これは相当難しい問題をはらんでいて、さてあなたが担任ならどちらを褒めるべきか?
「池谷褒めますか?褒められませんよね、たまたま親から良いものをプレゼントして貰っただけだし、この才能活かしていませんからね。」
じゃあ陸上部の友達褒めたら良いのか?
「本当は才能が無いのにね・・・、4つ星なんですよ。努力でひっくり返らないんですよ。にもかかわらずいつか速くなるかもしれないと青臭い夢を抱き、うだつの上がらない練習に時間を費やしている訳ですから。」
こちらも難しい。

遺伝子を調べてわかったこと、人は生まれながらにして不平等であるということ。

教育現場にいると平等でなければならないが、実は平等という権利は恐ろしく残酷で、もしそうあることができなかったとしたら全てその子の努力不足ということになってしまう。
例えば算数ができない子供がお母さんに叱られる、でも一生懸命やってできないとすると人口の10%は算数ができる遺伝子を持っていないのでそれに該当すると考えられる。
というかお母さんがその遺伝子を持っていないからこの子が持っていない。
そういうお母さんは学校や塾に電話して」ちゃんと教えているのか!」と文句を言う。

だから平等はやめましょう。
慶応義塾大学の教授が「差別を理由に遺伝的差異を認めたがらないとしたら、もし差があったら自分はそれを理由に差別するぞと宣言しているのと同じ」と言っている。
差がある事実を見ない、臭いものに蓋をするという態度自体が差別。
だから差があることを認めそこからスタートしましょう、と。

もう一つリチャード・ハーンスタイン氏の言葉。
「単に環境を平等にしただけではかえって遺伝的な差異が顕在化する」
これが今の学校教育。

「あなたは平均以上か」という問いに多くの人が「はい」と答えるダメな社会の大きな一つの問題点かもしれないと現在の教育に提言され締め括られた。

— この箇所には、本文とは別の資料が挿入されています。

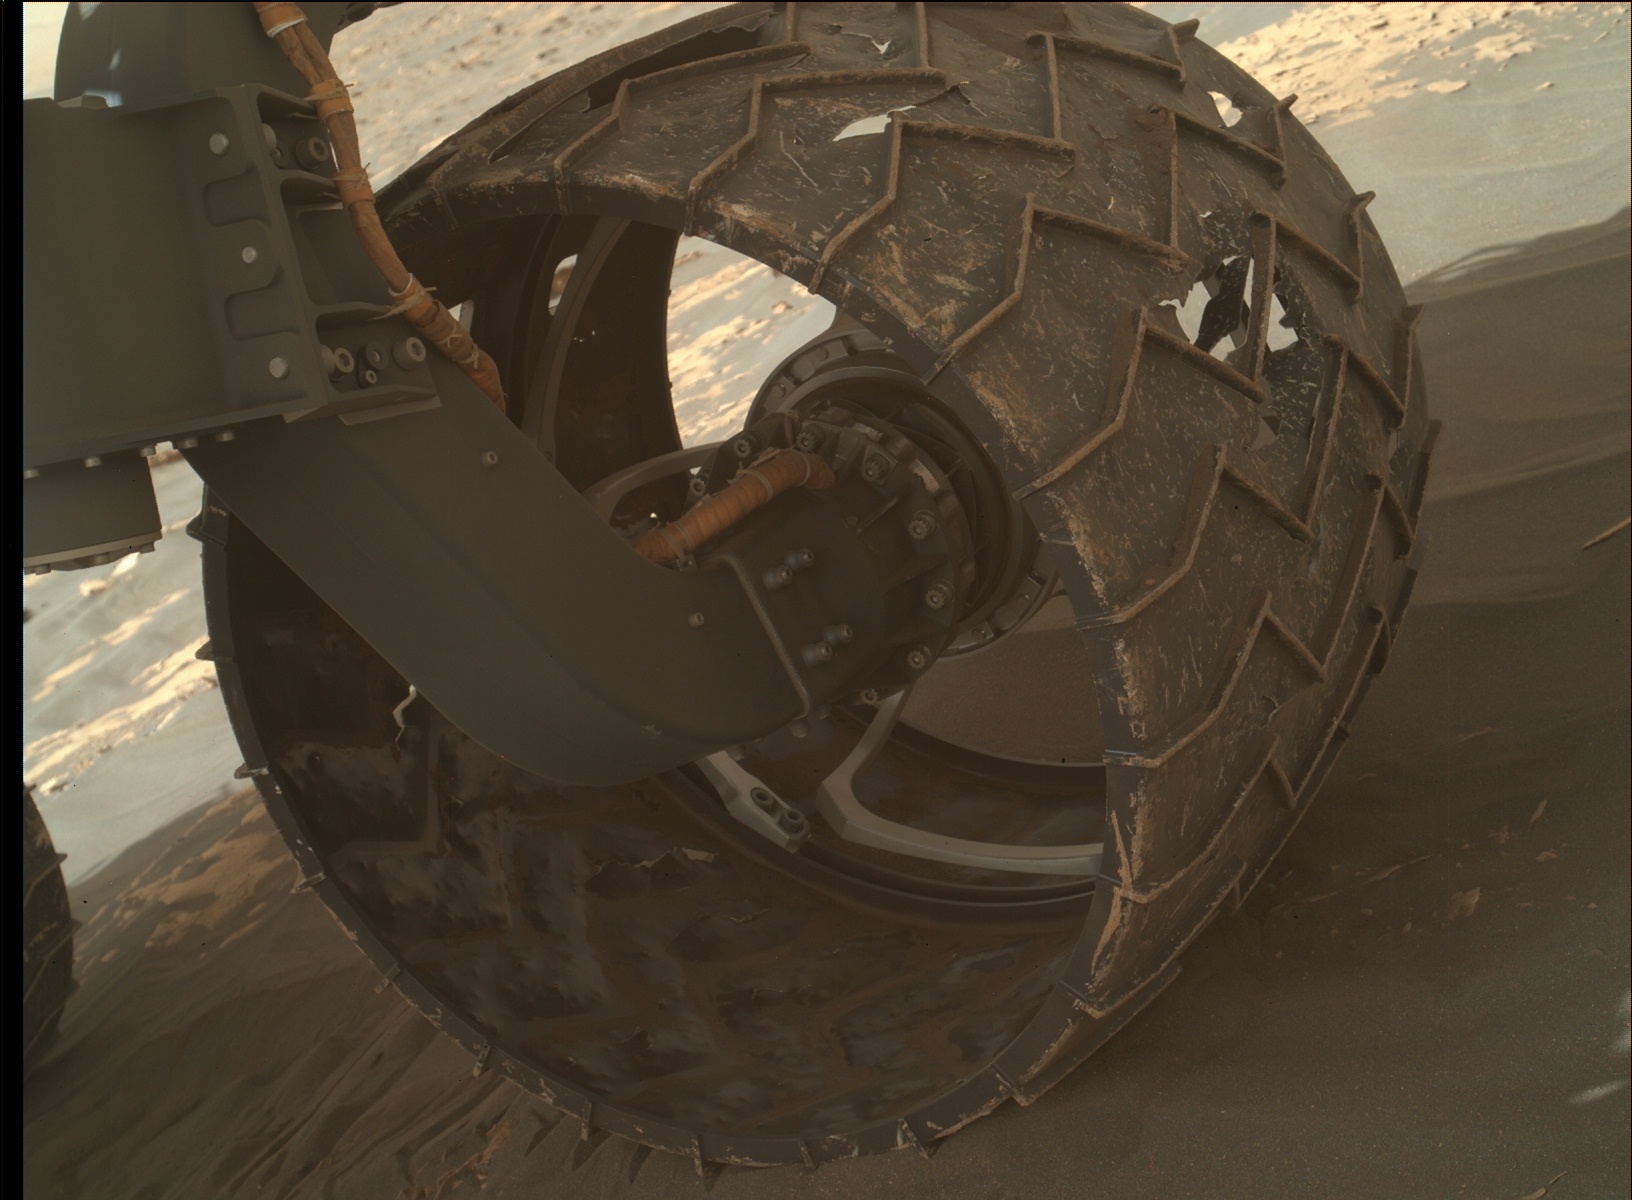 Nasa's Mars rover Curiosity acquired this image using its Mars Hand Lens Imager (MAHLI) on Sol 1798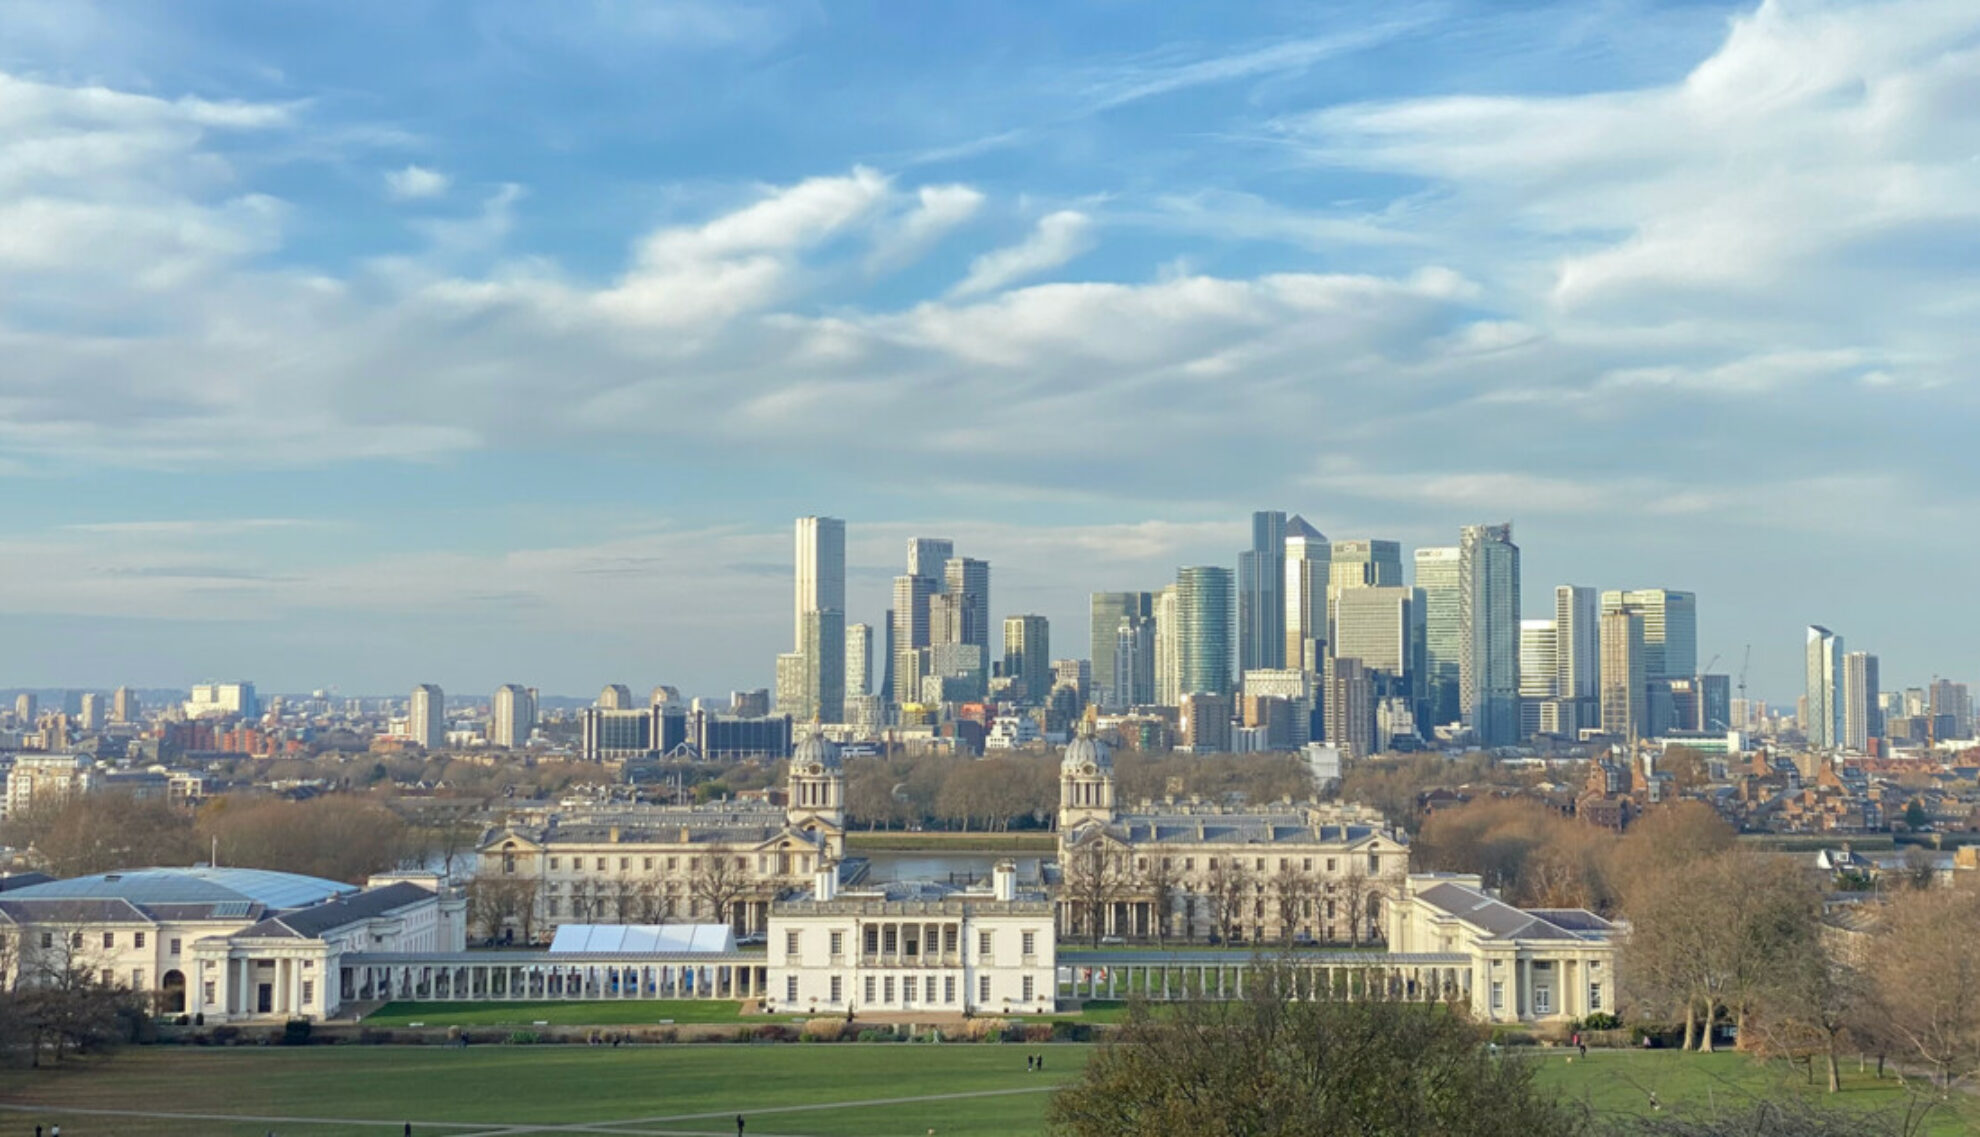 The view across Greenwich Park and the Isle of Dogs

知らなかったこと、難しいことをわかり易く、驚きの内容や実験での証明、まさに目から鱗状態、さらに笑わせ方が非常に巧く、オチがちゃんとある見事な“論理的”構成でもっともっと聴きたいと思わせる素晴らしい内容の講演でした。
最近はTVにもちょくちょく出演され知名度も急上昇中ですから講演料が上昇前の今がベストな依頼時だと思います。
必ずご期待にそえる講師です。

余談ですが「ガンバレ」のサブリミナル映像を当社社員のPCに組み込めるソフトはありませんかね?と先生に伺いましたら苦笑しておられました。
きっと社長はみんな欲しいと思うだろうなあ・・・、法に触れなければ。